[GIVEN INFORMATION]:
*** Block opens ***

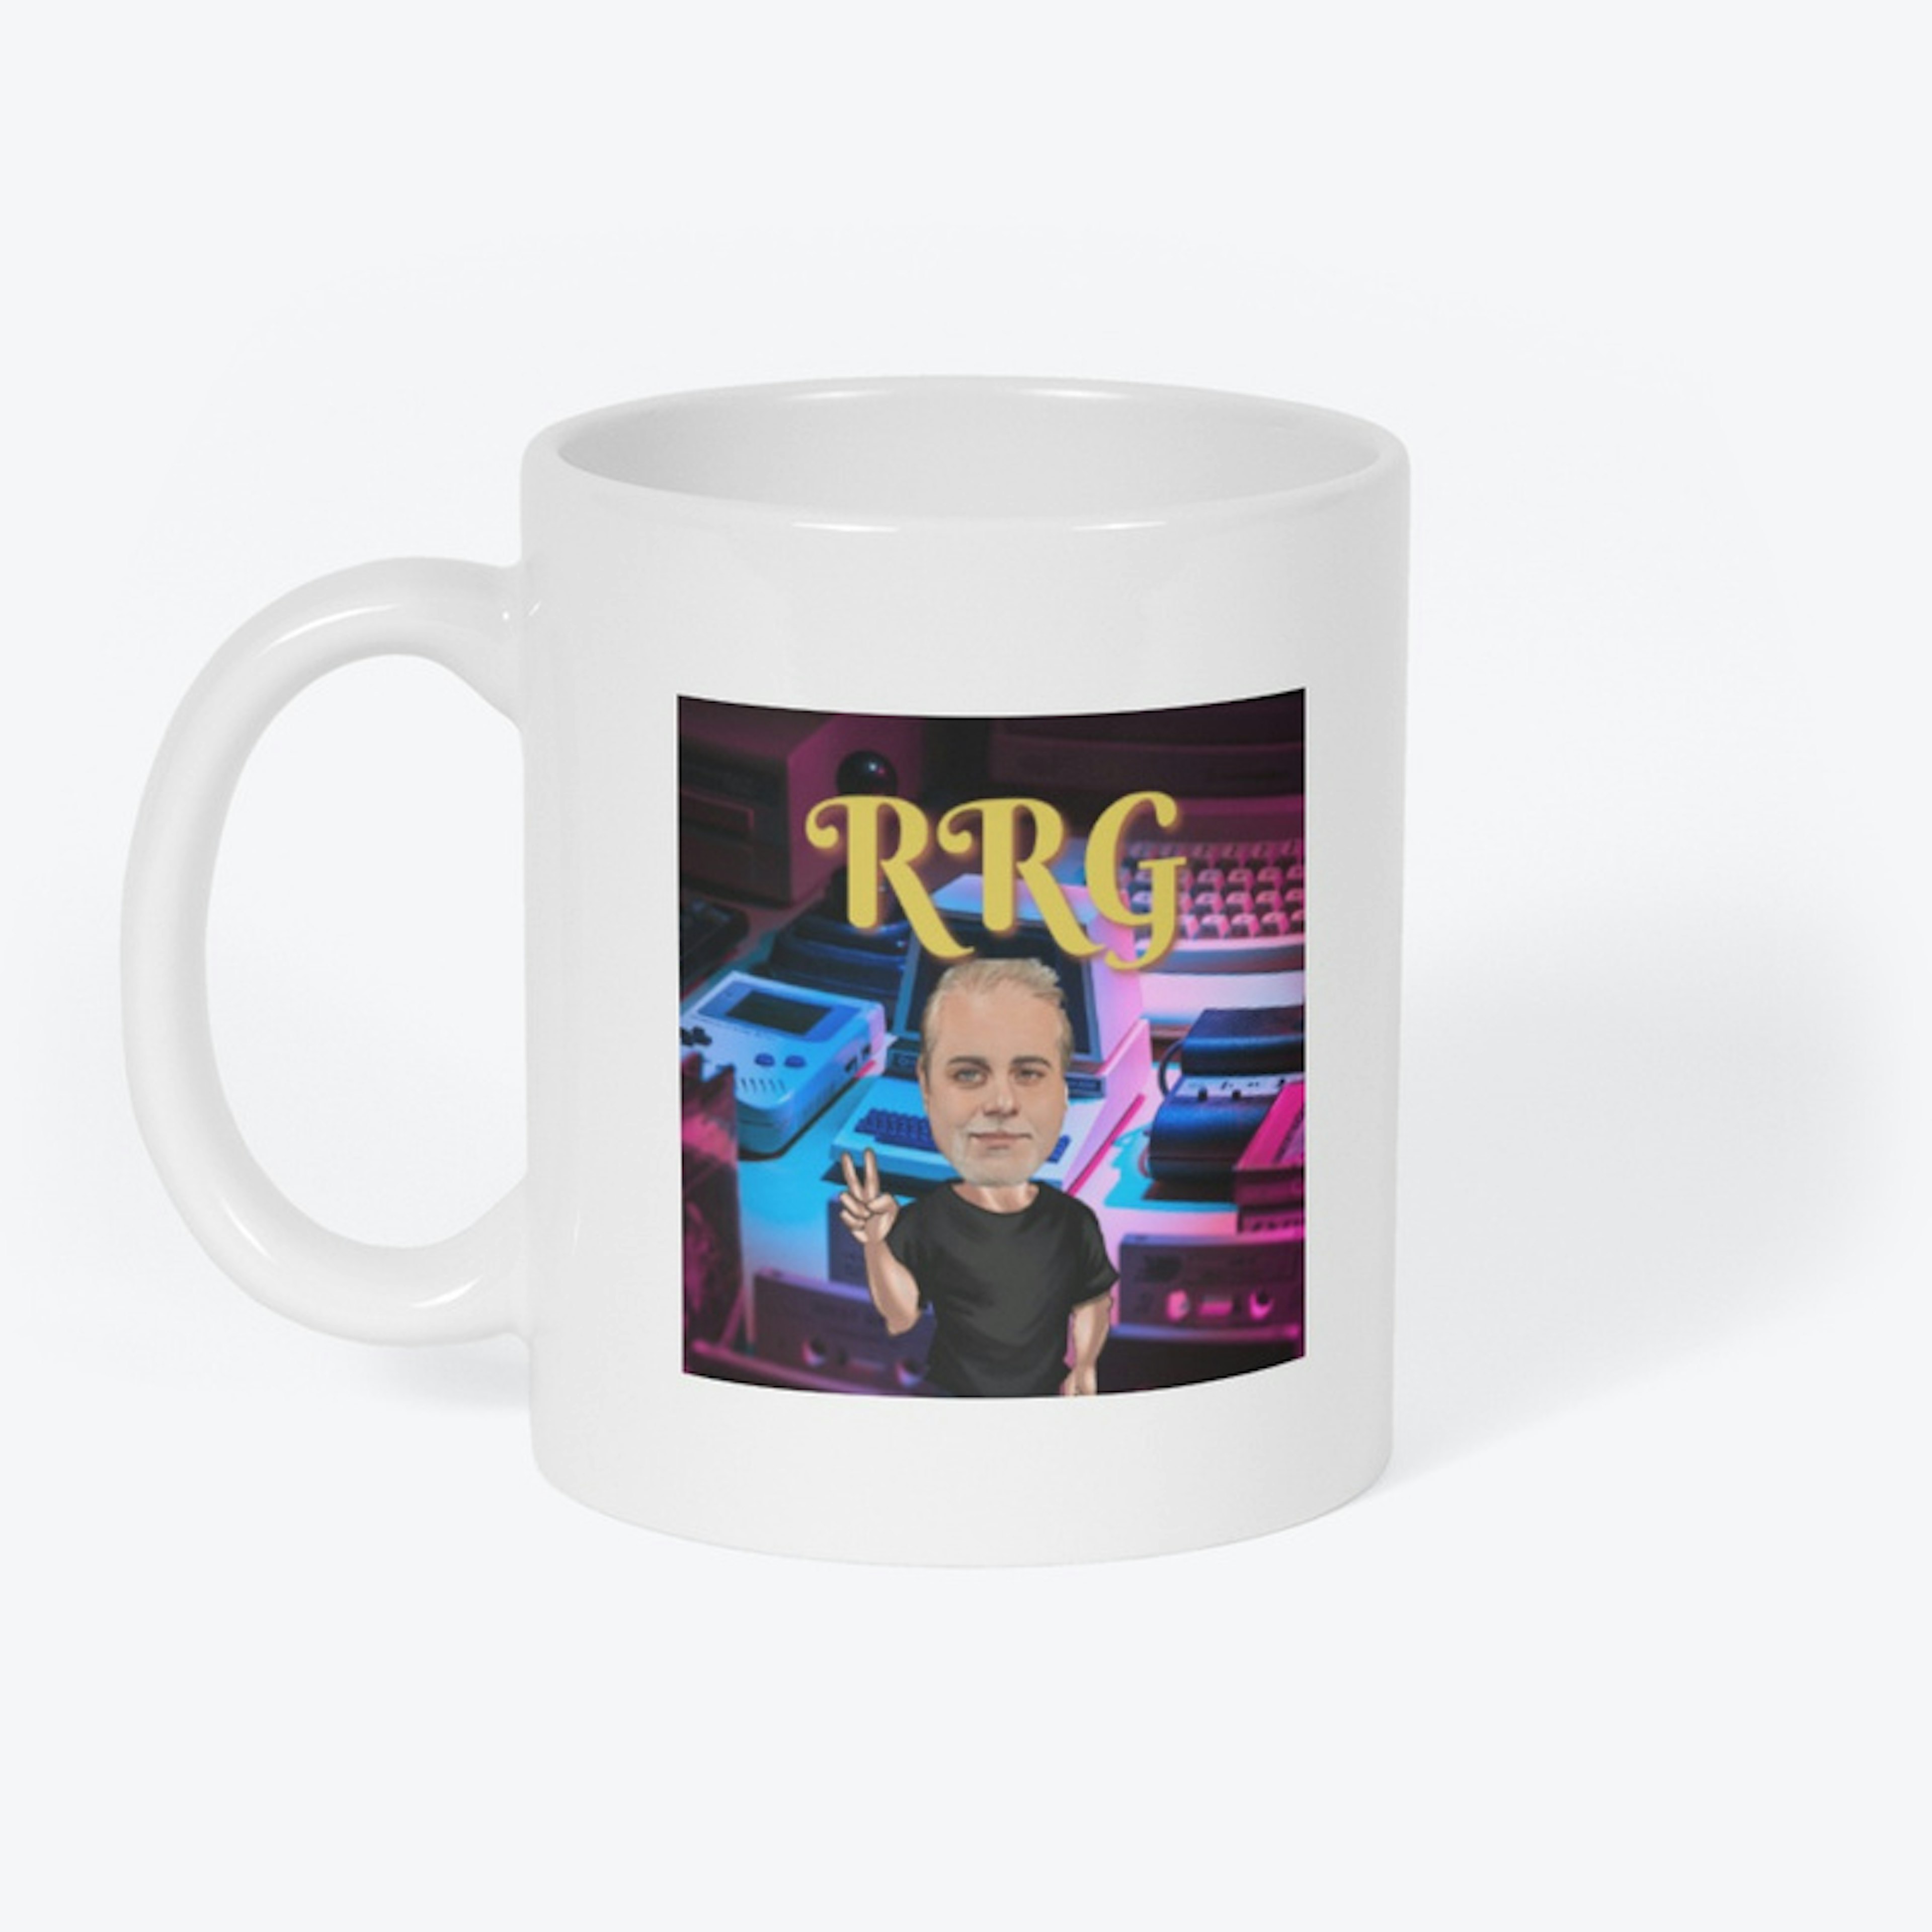 RRG Colored Mugs
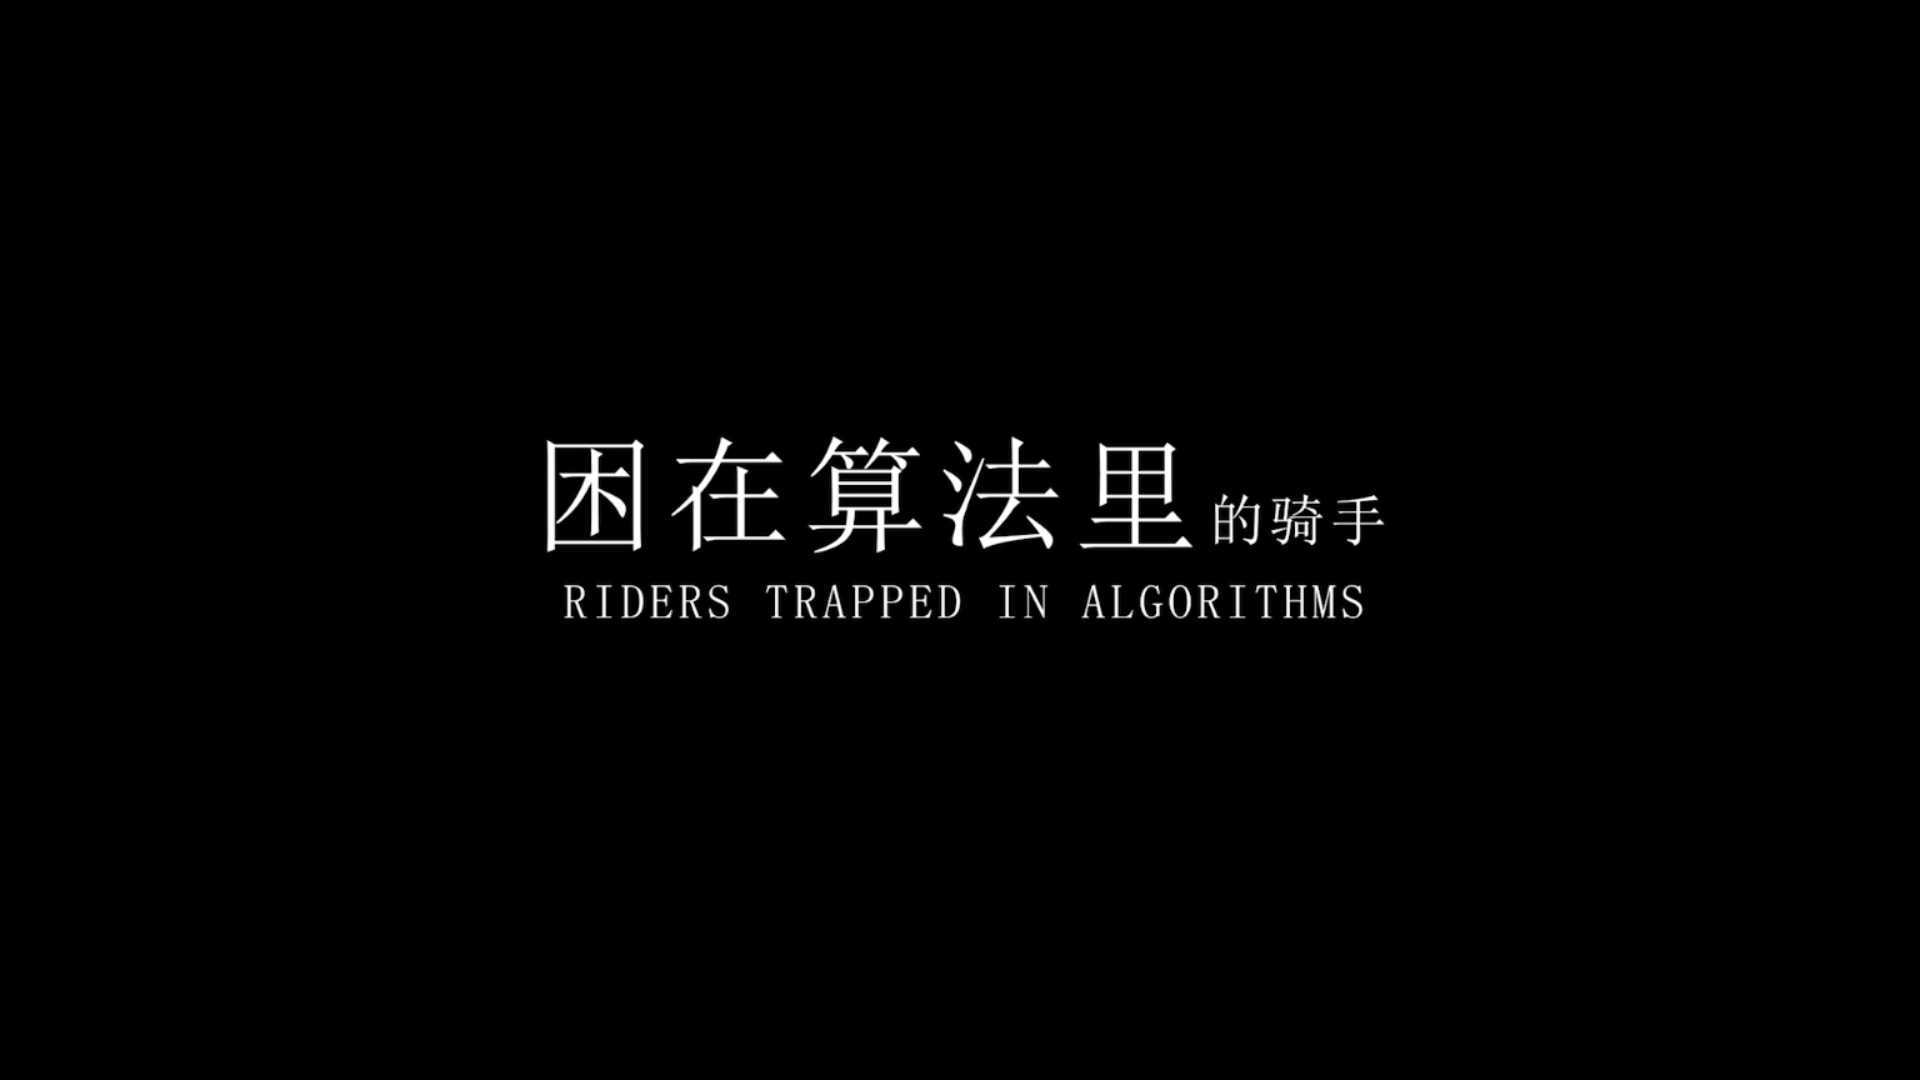 东莞理工学院传媒系2021毕业作品 纪录片 困在算法里的骑手
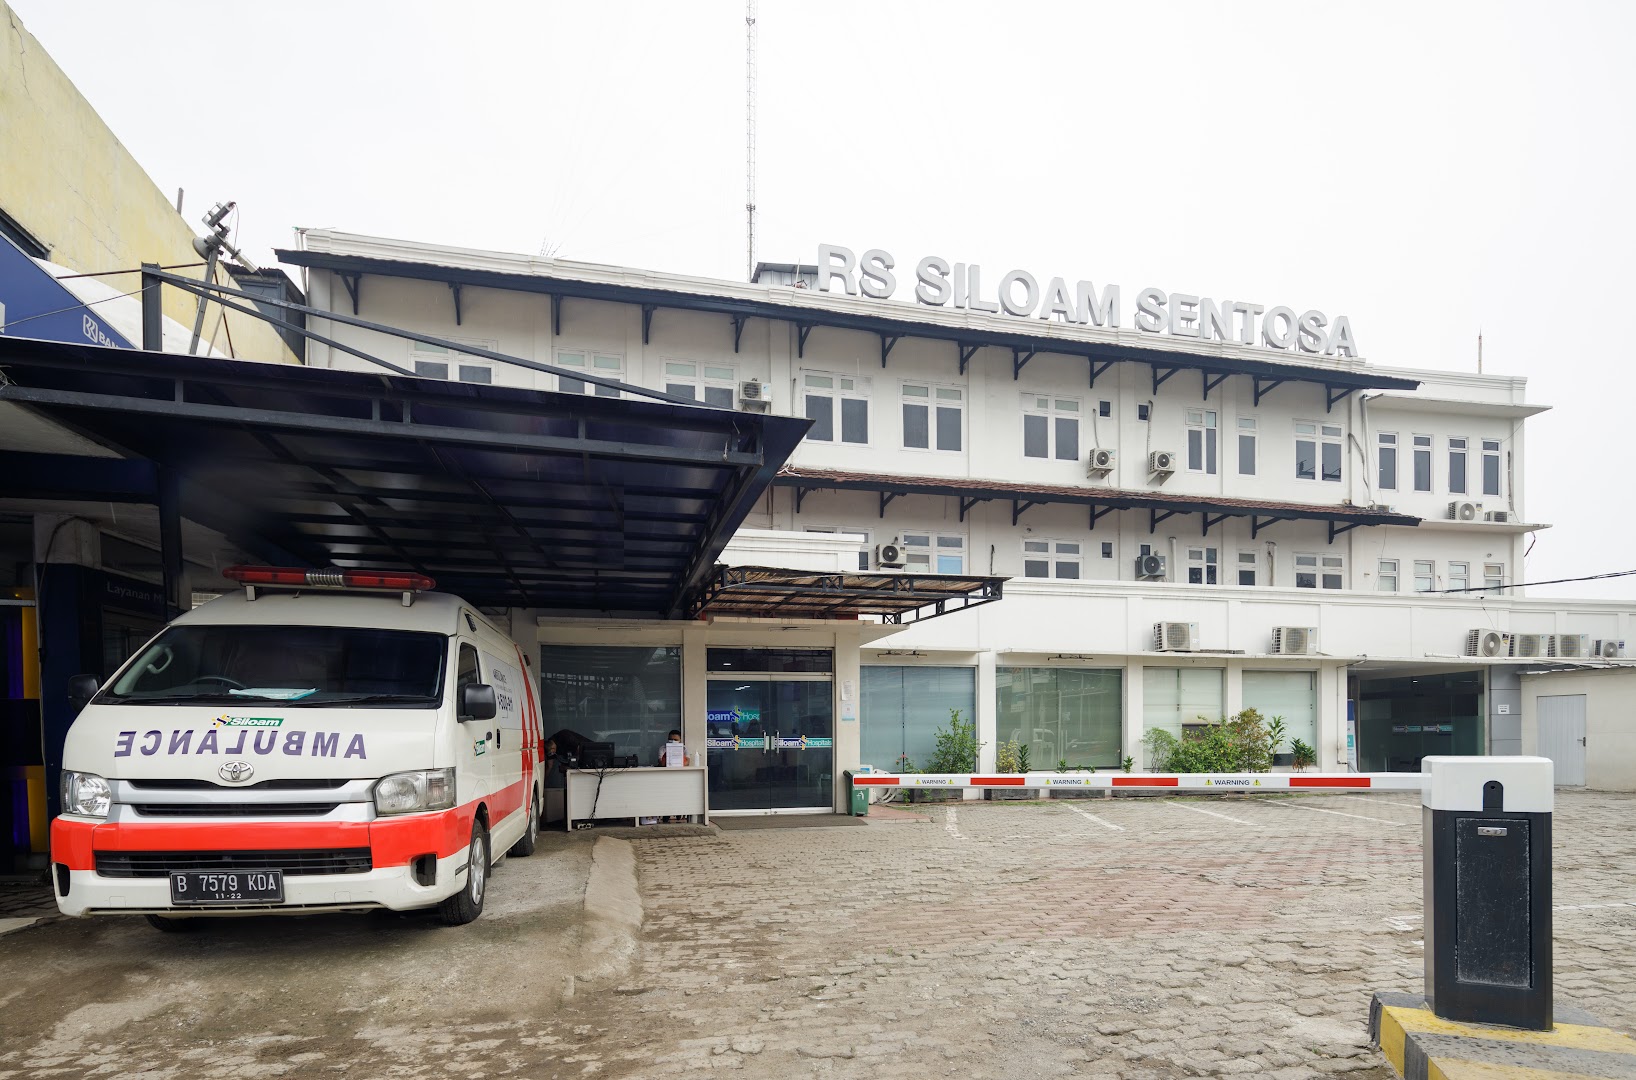 Rumah Sakit Siloam Sentosa Photo

*** Block closes ***

[TRY IT]:
Set the listing down exactly, without its pictures.

[ANSWER SPACE]:
 RRG Colored Mugs
 东莞理工学院传媒系2021毕业作品 纪录片 困在算法里的骑手
 Rumah Sakit Siloam Sentosa Photo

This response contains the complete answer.